** The problem **
Leaving the pictures aside, transcribe only and exactly the lines from the one with "L-Style L-Shafts Carbon Lock Slim Shafts" through the end of the entries, both included.

-------- Data listing --------

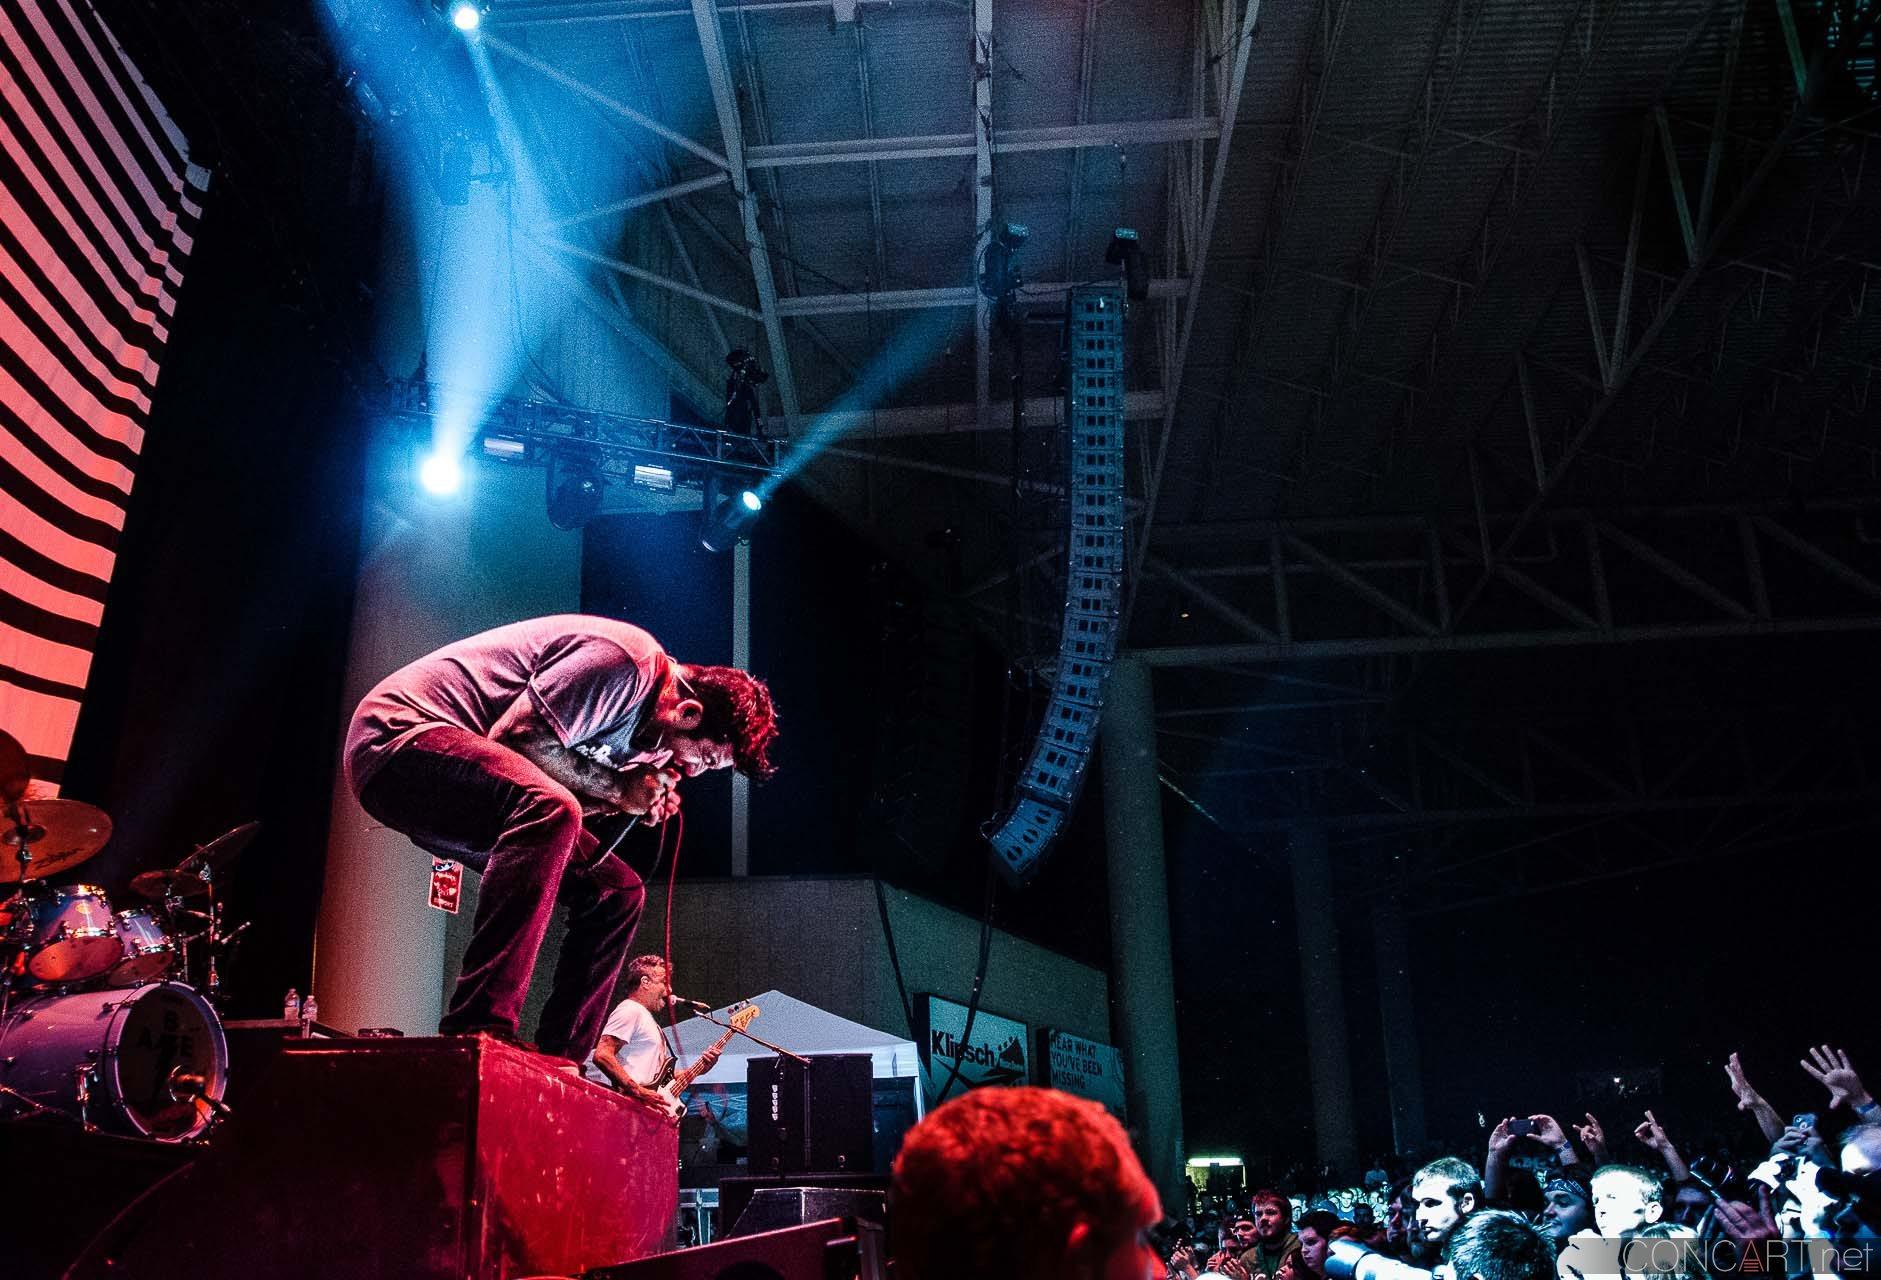 deftones_live_klipsch_music_center_indianapolis_2013-01
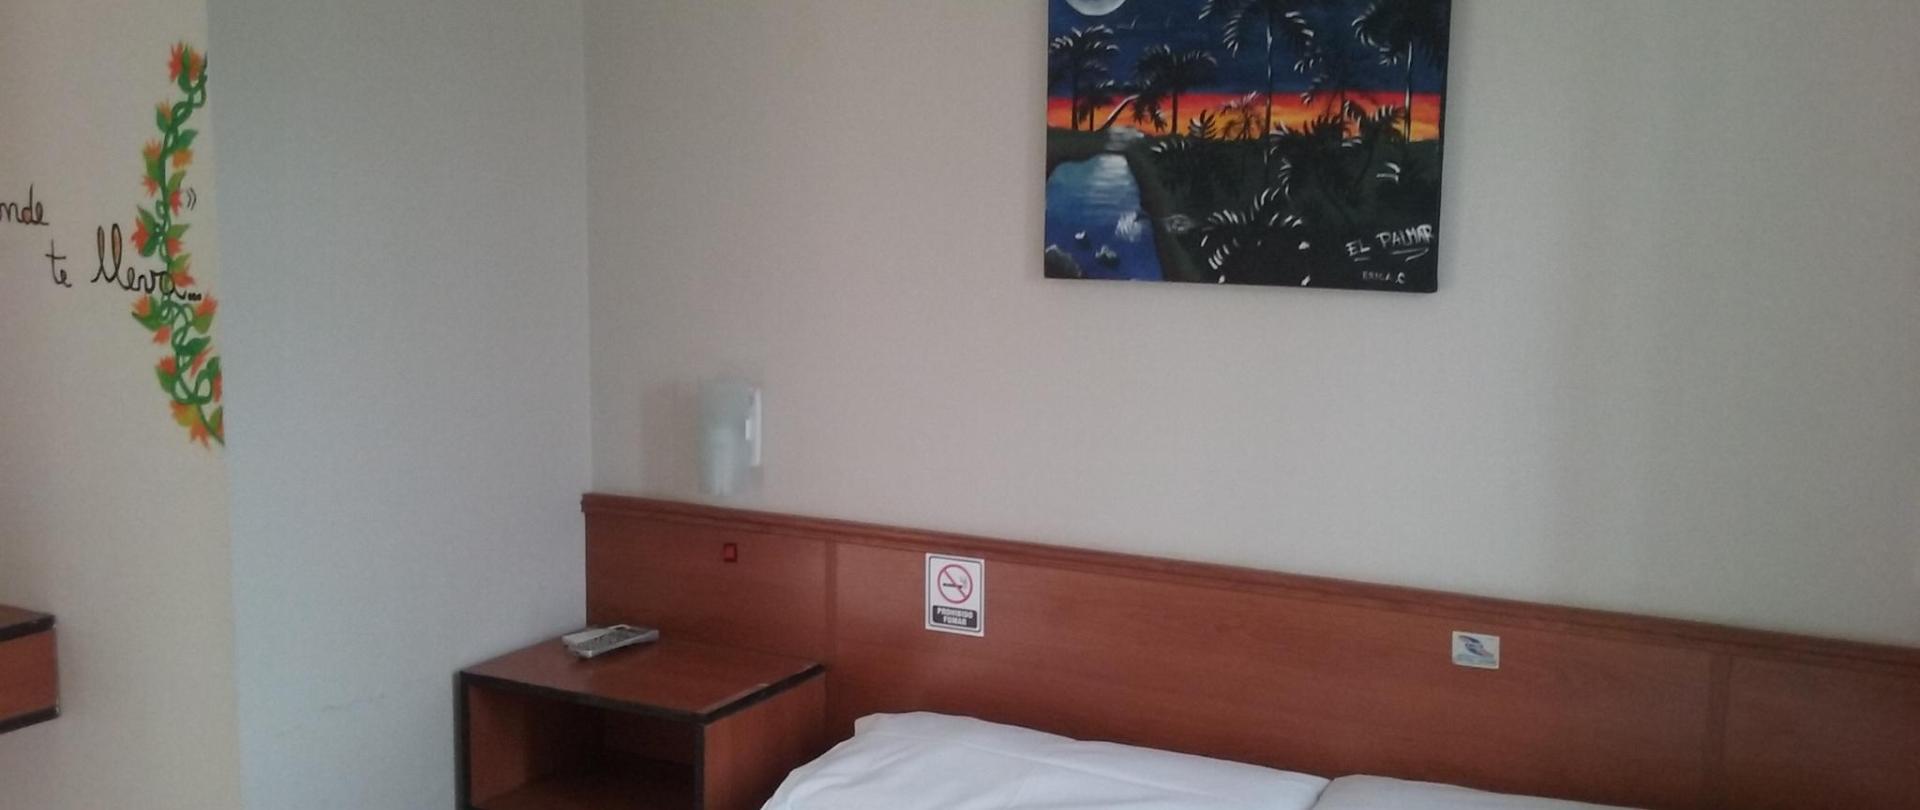 DBL Sup Hotel Queguay.jpg
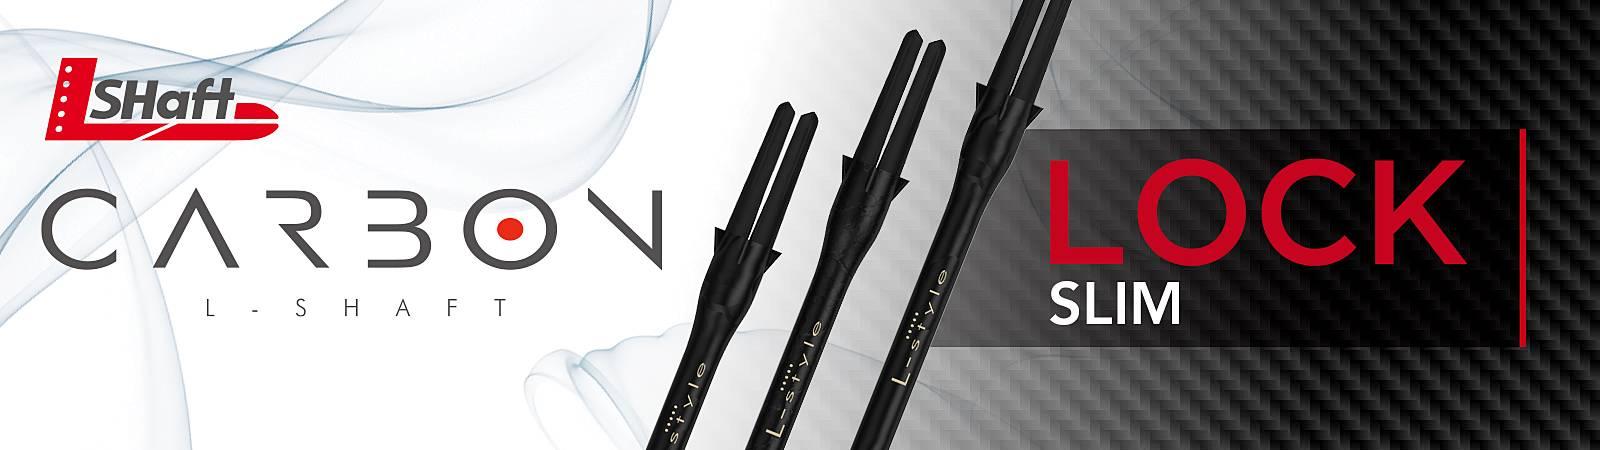 L-Style L-Shafts Carbon Lock Slim Shafts
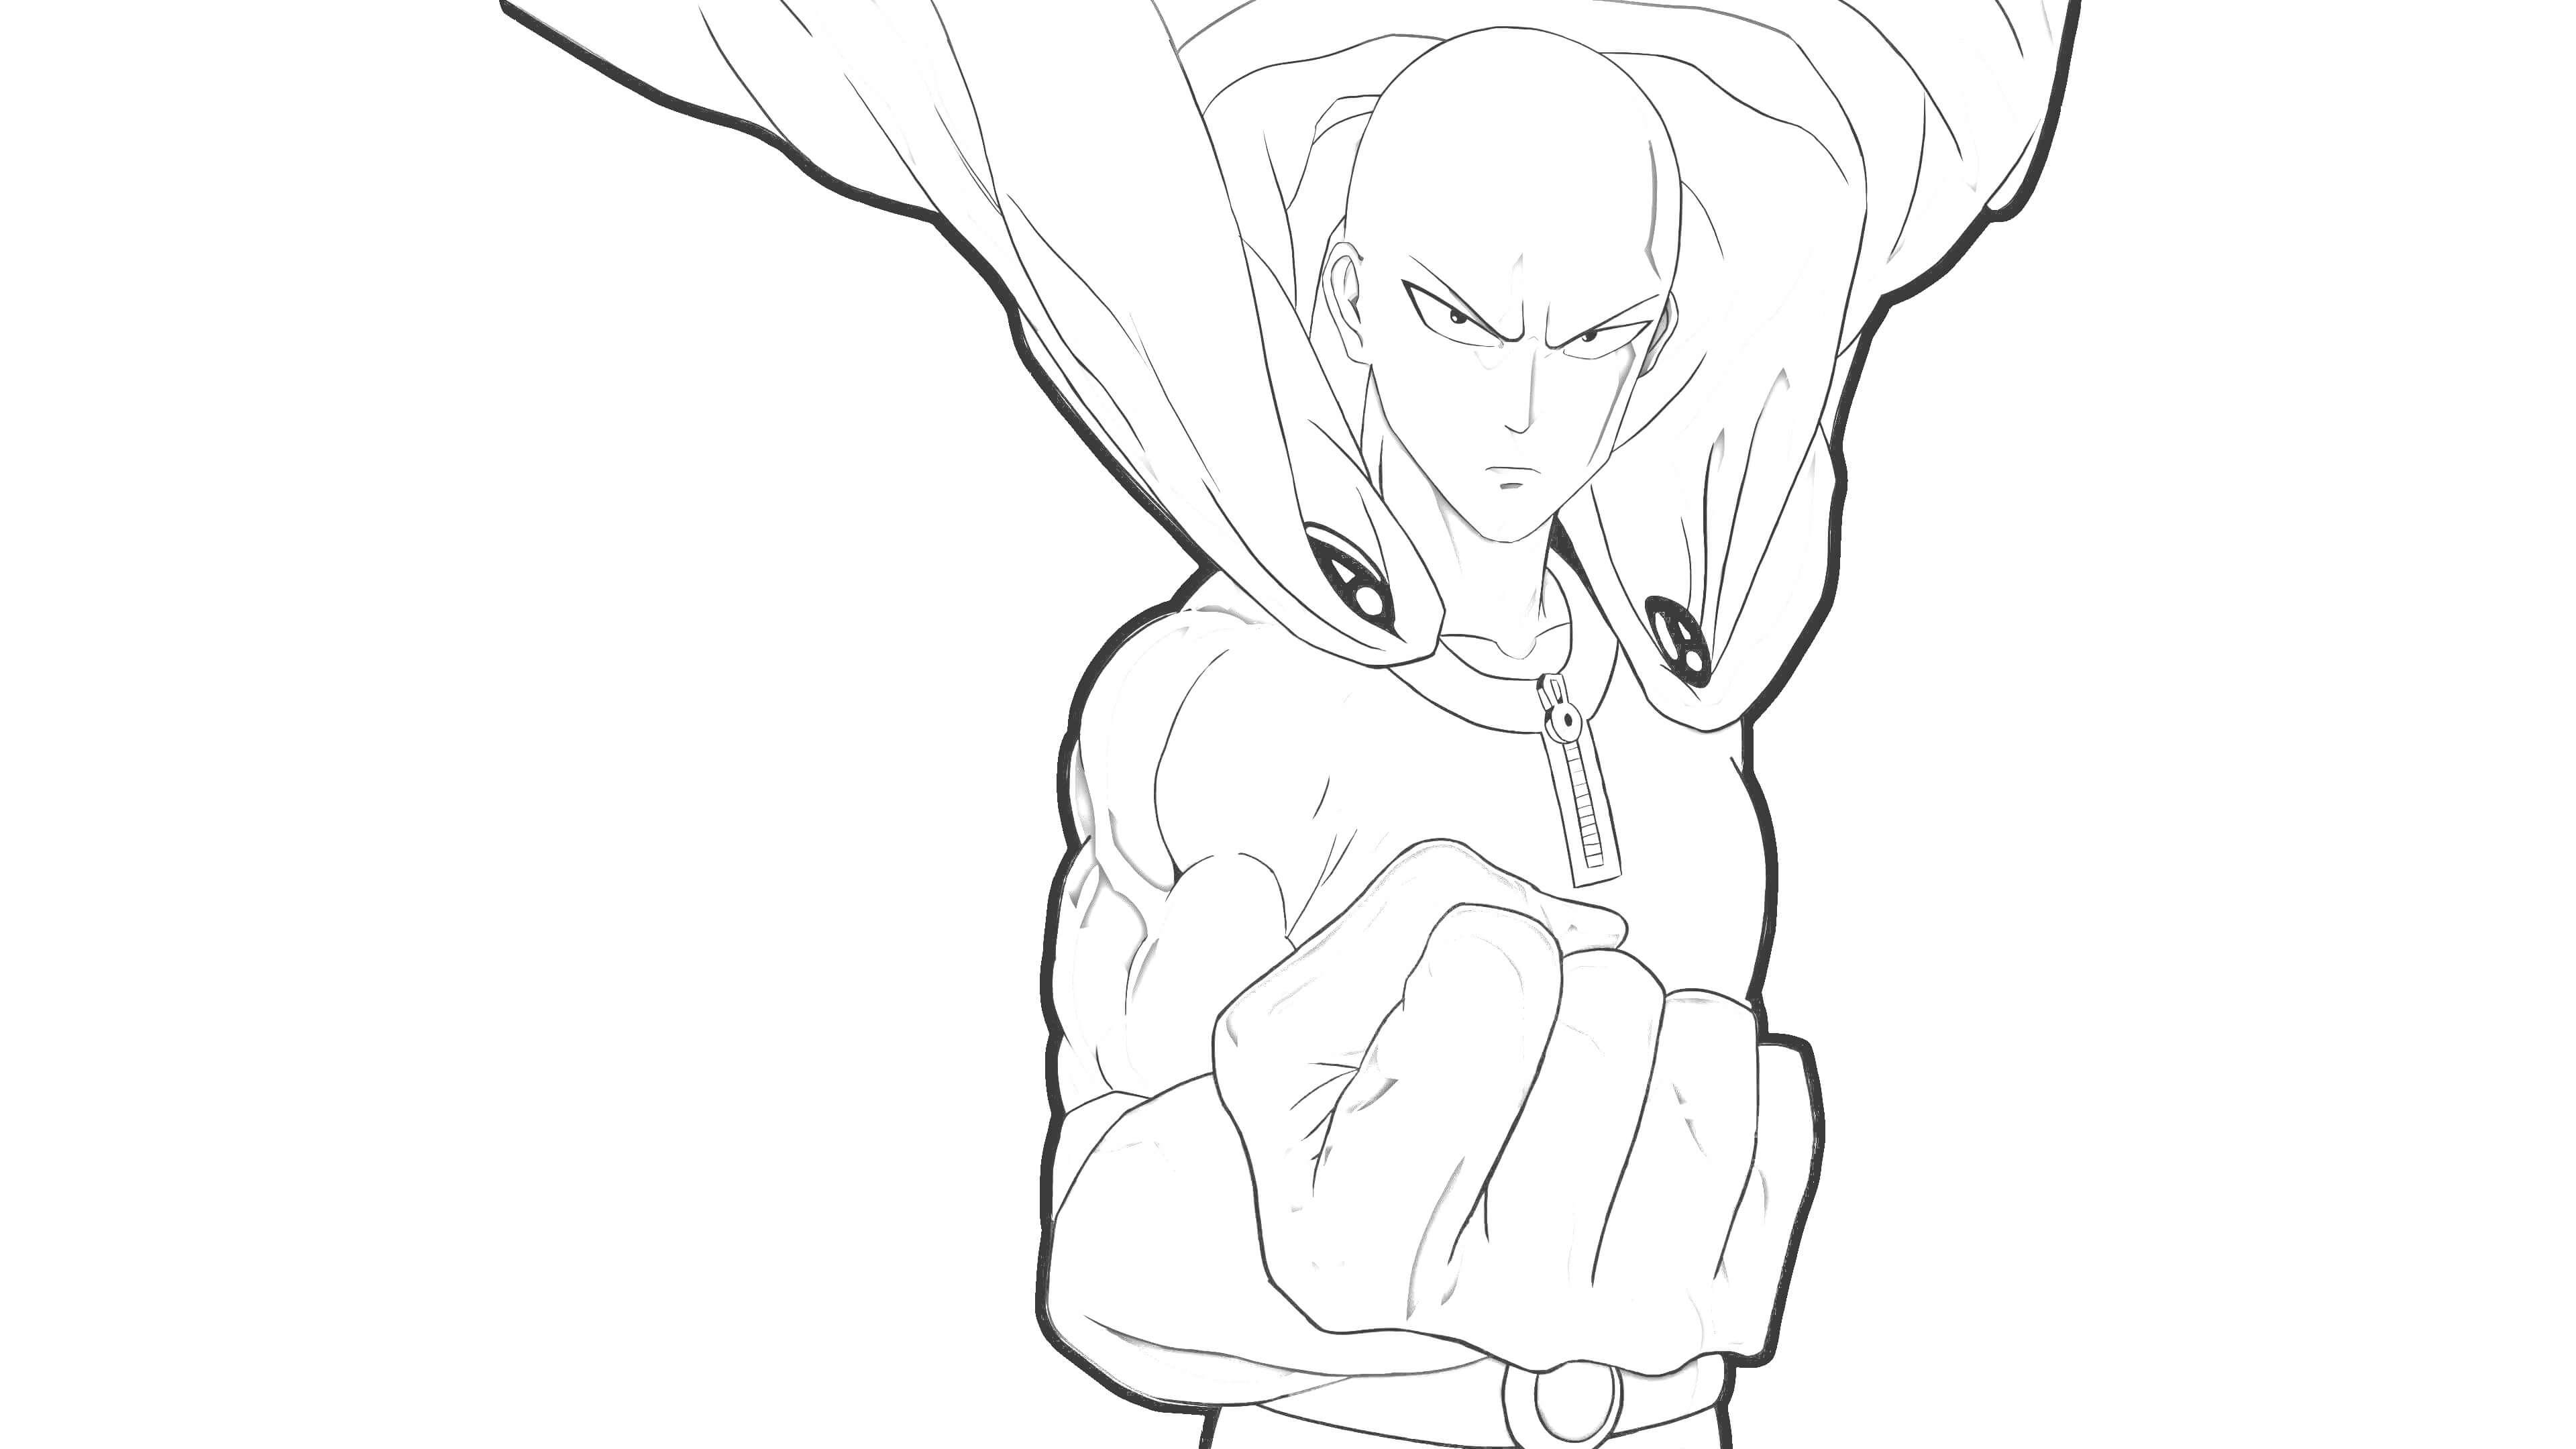 one punch man saitama mostrando punho - One punch man Saitama mostrando punho
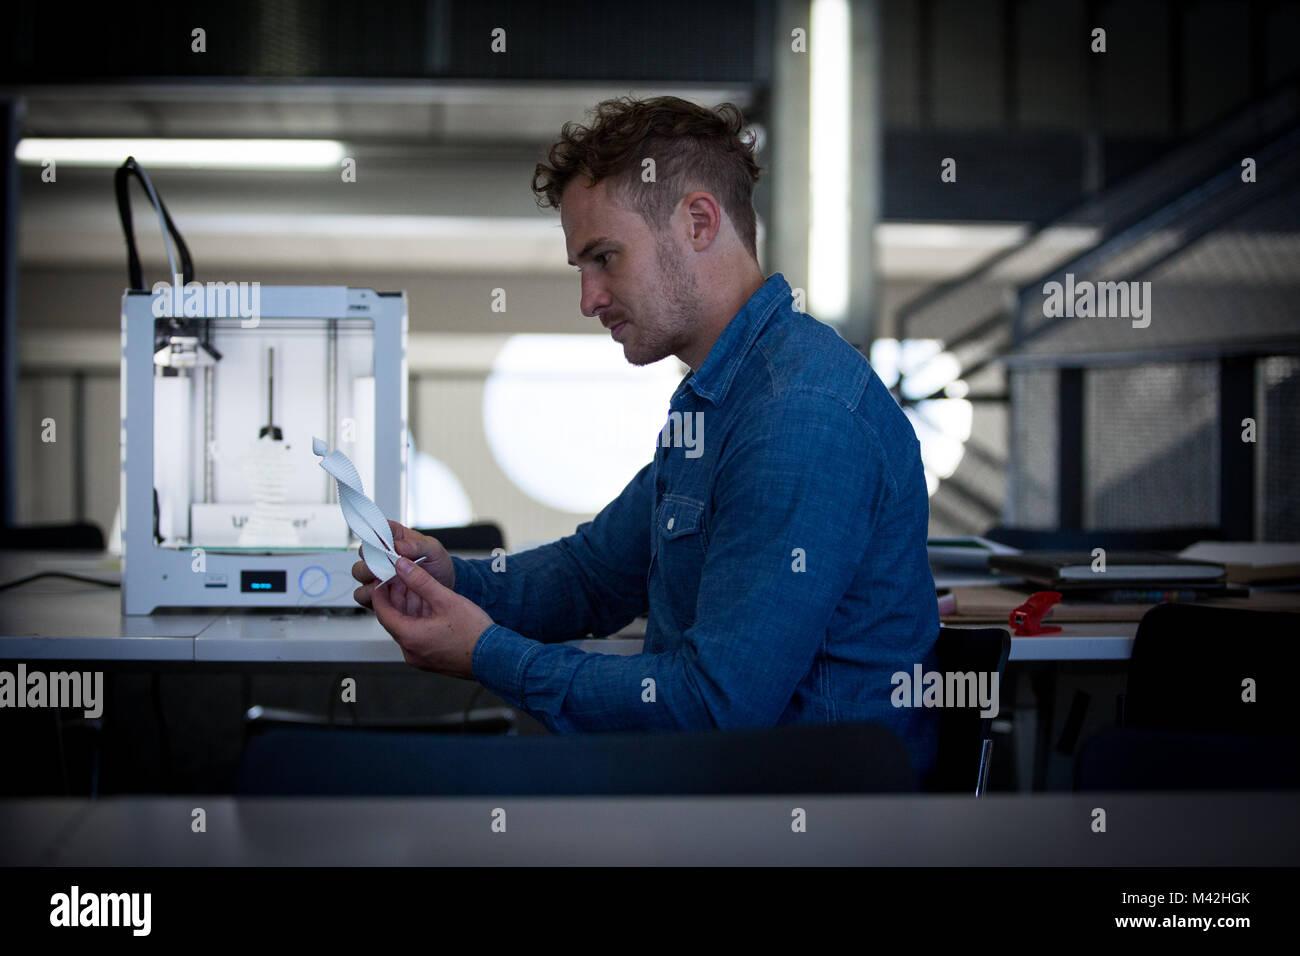 Designer with 3D printer - Stock Image

--------

** Answer space **
 L-Style L-Shafts Carbon Lock Slim Shafts
 one punch man saitama mostrando punho - One punch man Saitama mostrando punho
 Designer with 3D printer - Stock Image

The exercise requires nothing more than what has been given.